In 2021, Li et al, [12] evaluated the benefits of individualized antiplatelet regimens based on TEG-PM parameters for patients with aneurysmal subarachnoid hemorrhage who underwent stent-assisted coiling (SAC). This study proved that the individualized antiplatelet therapy based on TEG-PM parameters could reduce the bleeding risks of patients with aneurysmal subarachnoid hemorrhage after SAC without increasing the rates of thromboembolic events and unfavorable outcomes.
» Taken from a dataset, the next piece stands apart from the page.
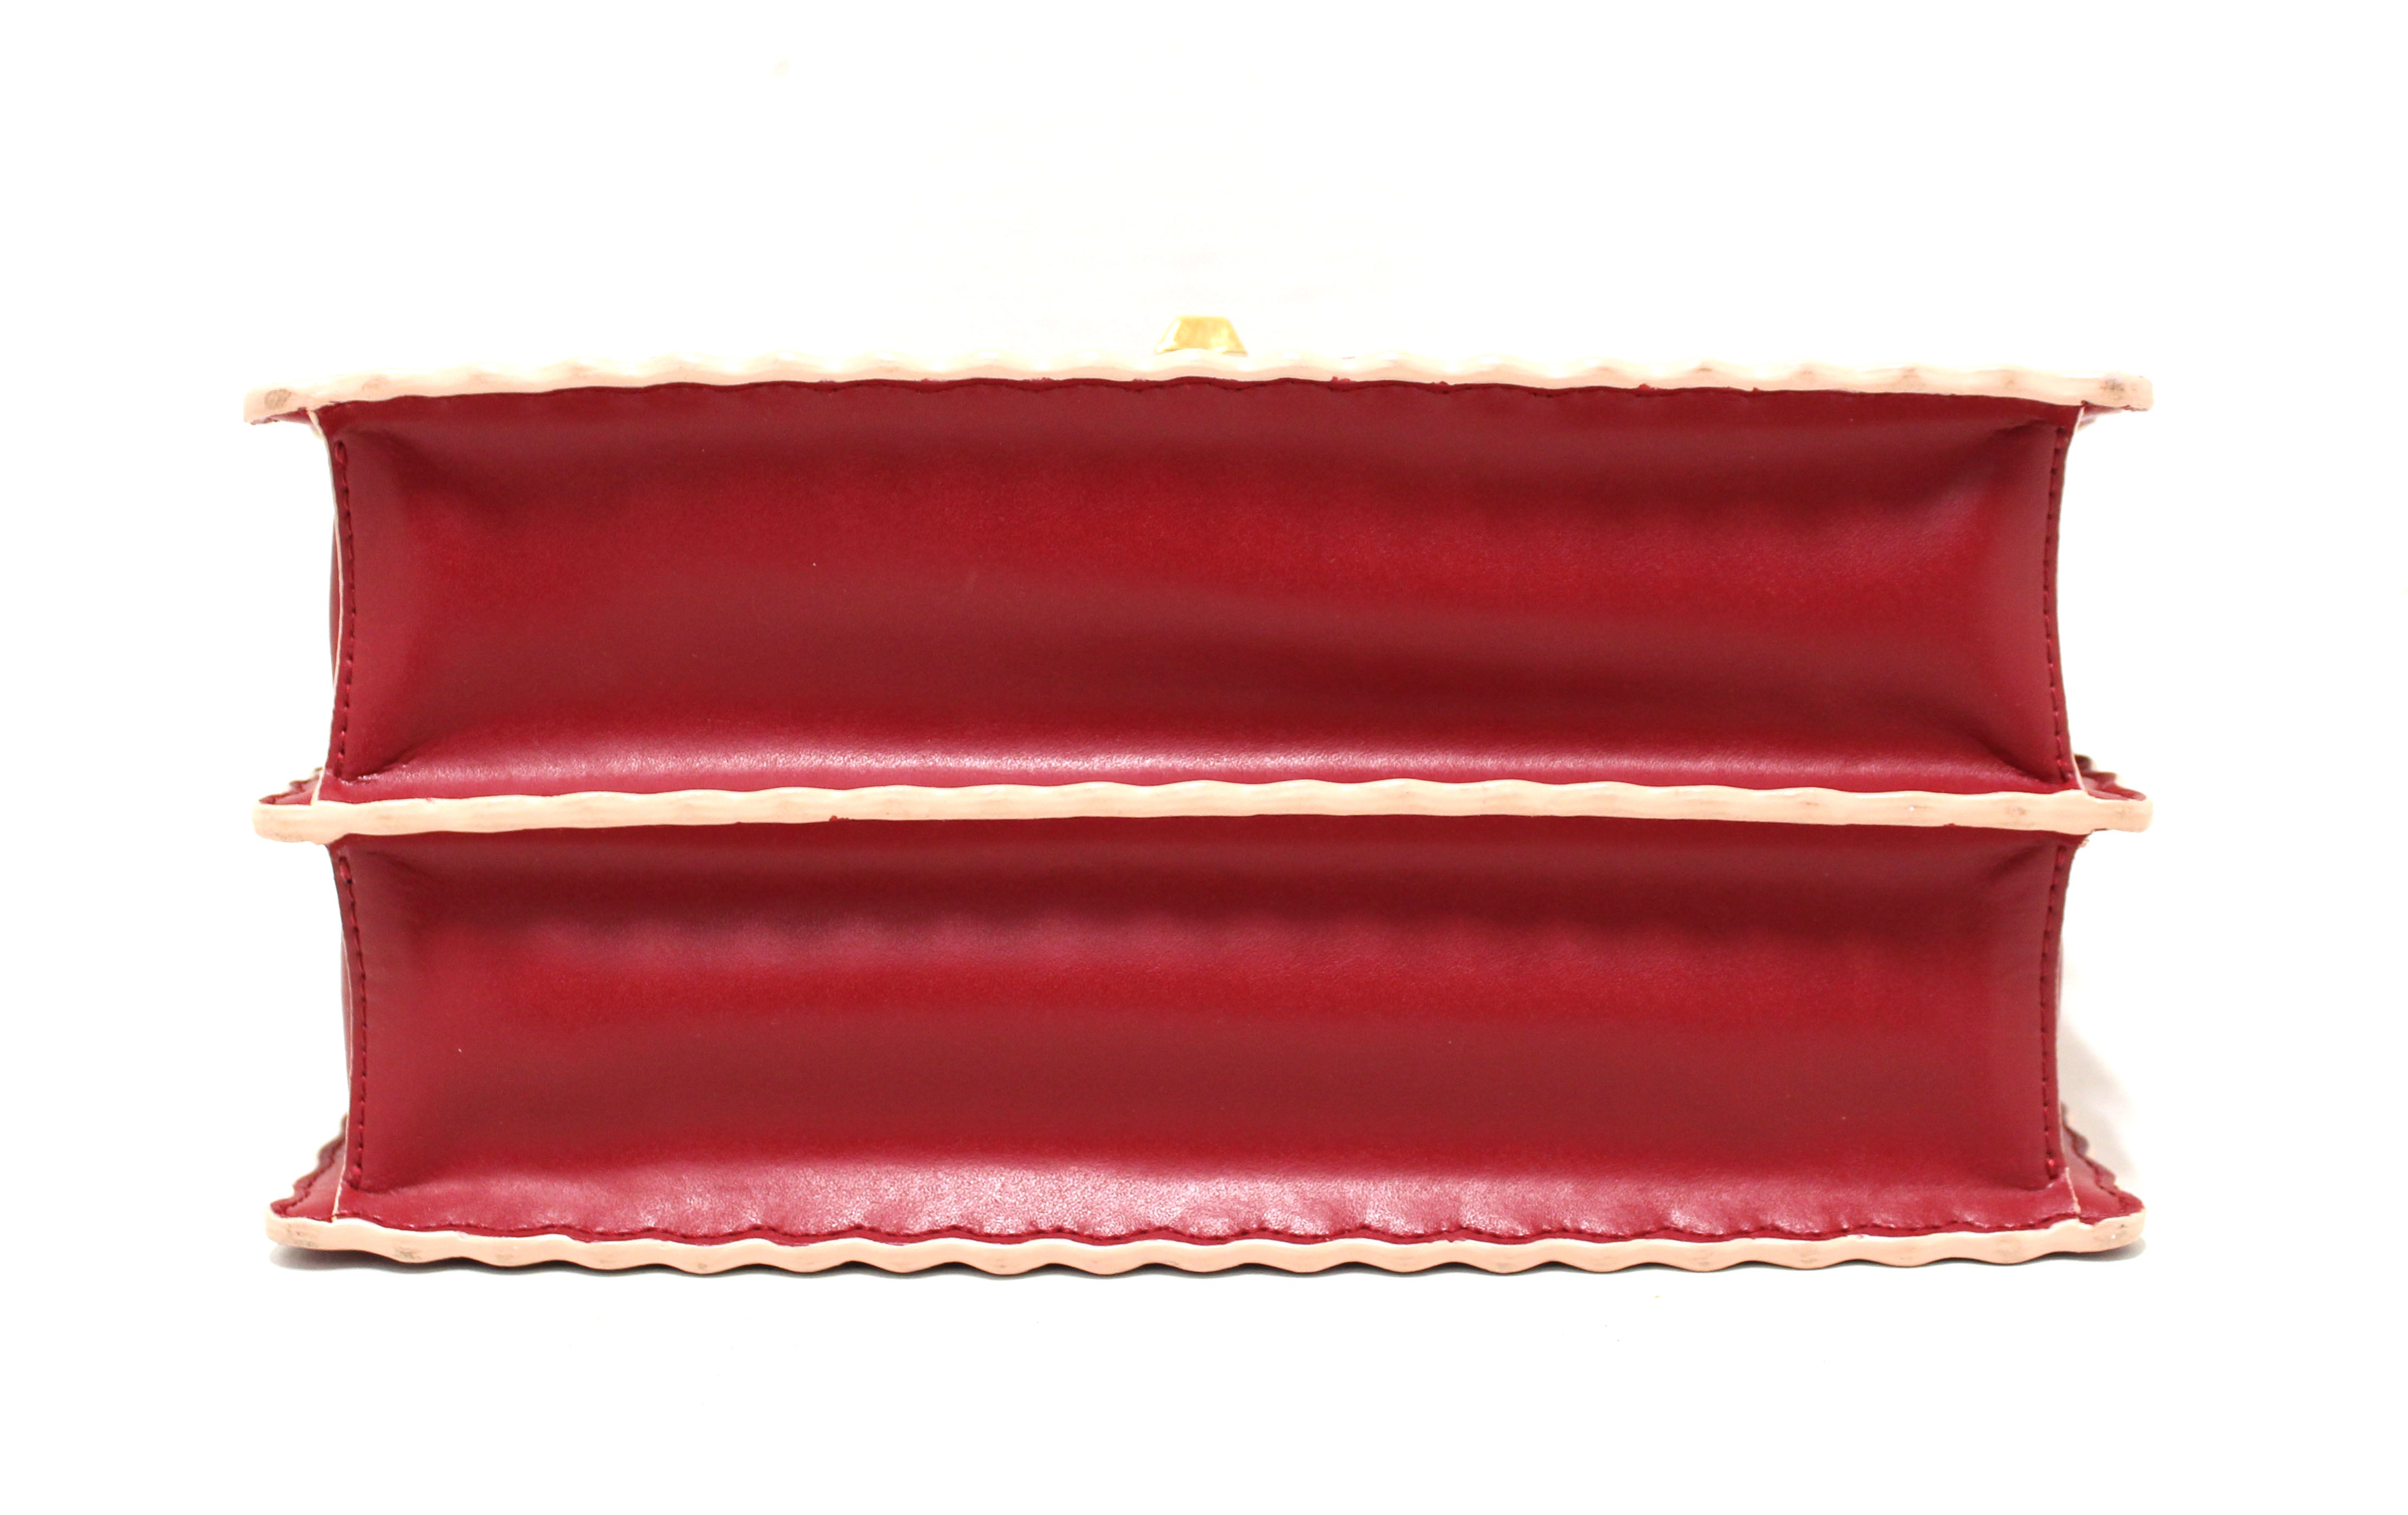 Authentic Fendi Red Leather Mini I Kan Chain Shoulder Bag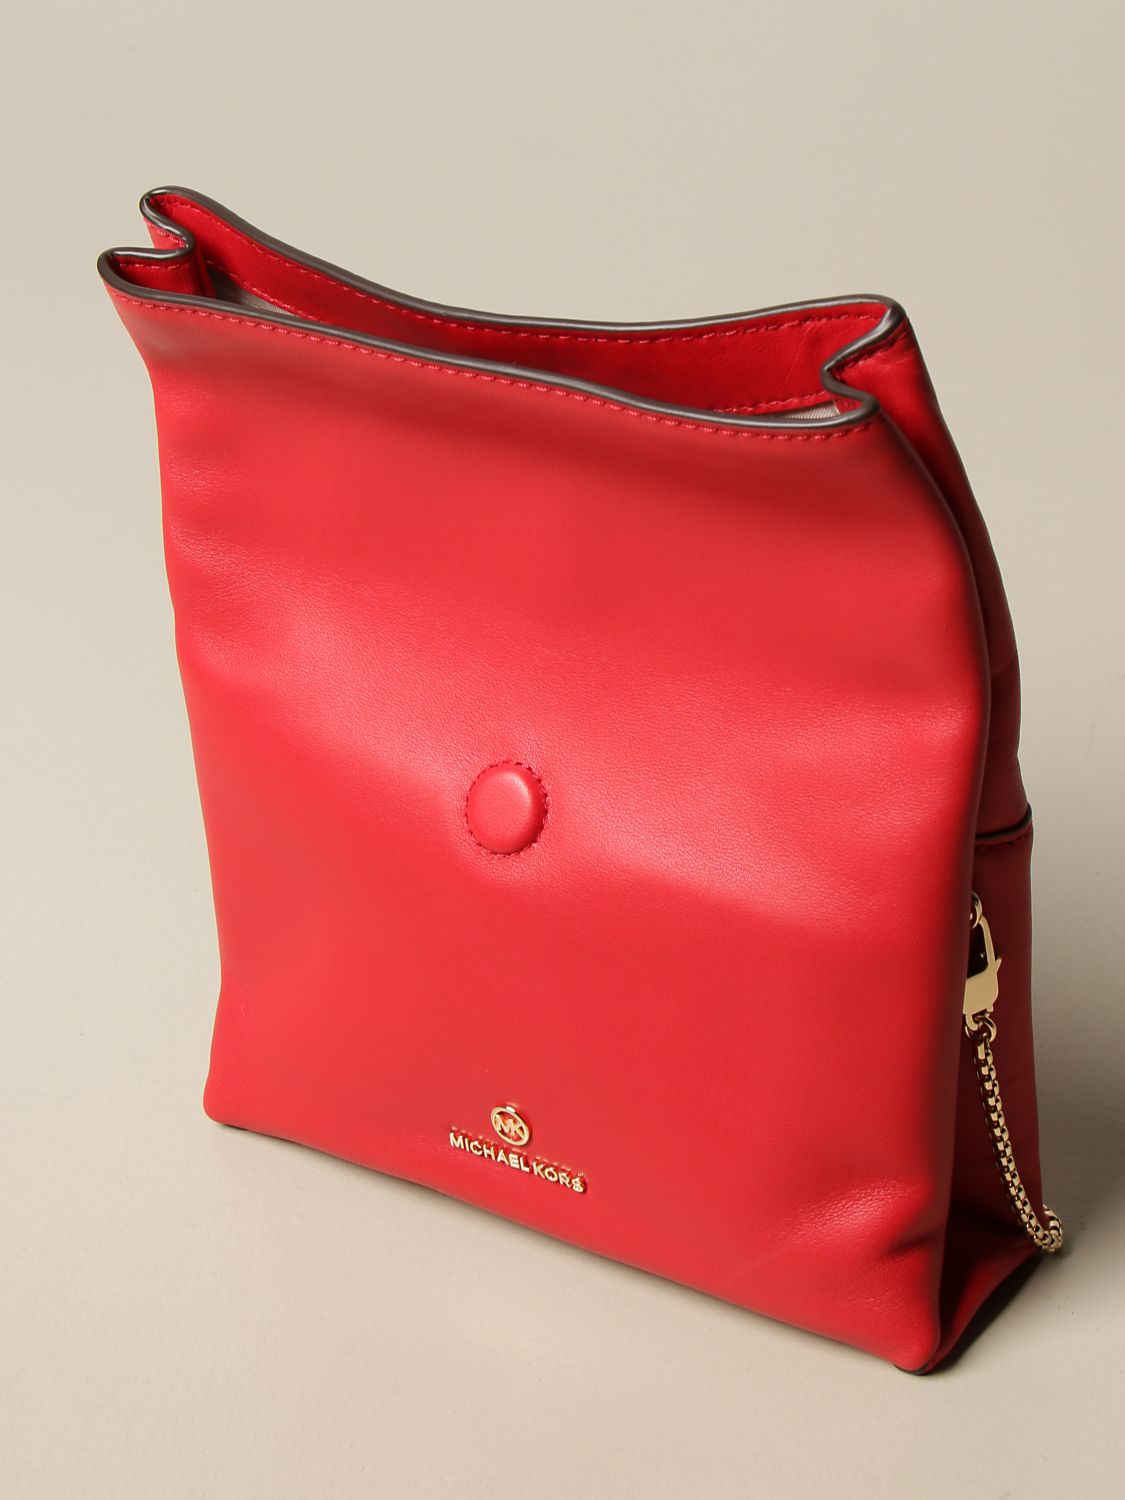 michael kors red leather bag

It seems that there are currently groups among neurological patients that could use the potential of TEG PM, especially if we are interested in platelet aggregation depending on ADP or AA. Moreover, this assay measures clot strength, maximal amplitude, reflecting maximal platelet function, and detects the reduction in platelet function, presented as percentage inhibition, by both aspirin and clopidogrel. The standard for measuring platelet inhibition is light transmission aggregometry (LTA) [13]. However, LTA method is challenged for lacking standardization, time-consuming and complicated sample preparation, which limits its clinical routine. Although TEG might be more reflective of the physiologic character of a blood clot in vivo, its correlation with currently widely used platelet function testing has not been validated. The low analytical variation of the TEG-PM assay may reflect the use of whole blood, obviating pre-analytical and analytic factors such as platelet count and size, preparation of platelet rich plasma, including centrifugation steps. It seems that this test can benefit to prevent and reduce thromboembolic events. TEG-PM could be identified as parameters for tailor-individualized antiplatelet treatment designed to reduce ischemic events and bleeding. However, there is little consensus regarding how to adjust the antiplatelet regiment according to TEG-PM parameters. It is necessary to further investigate in order to search for new possibilities of using TEG PM tests in patients in neurology.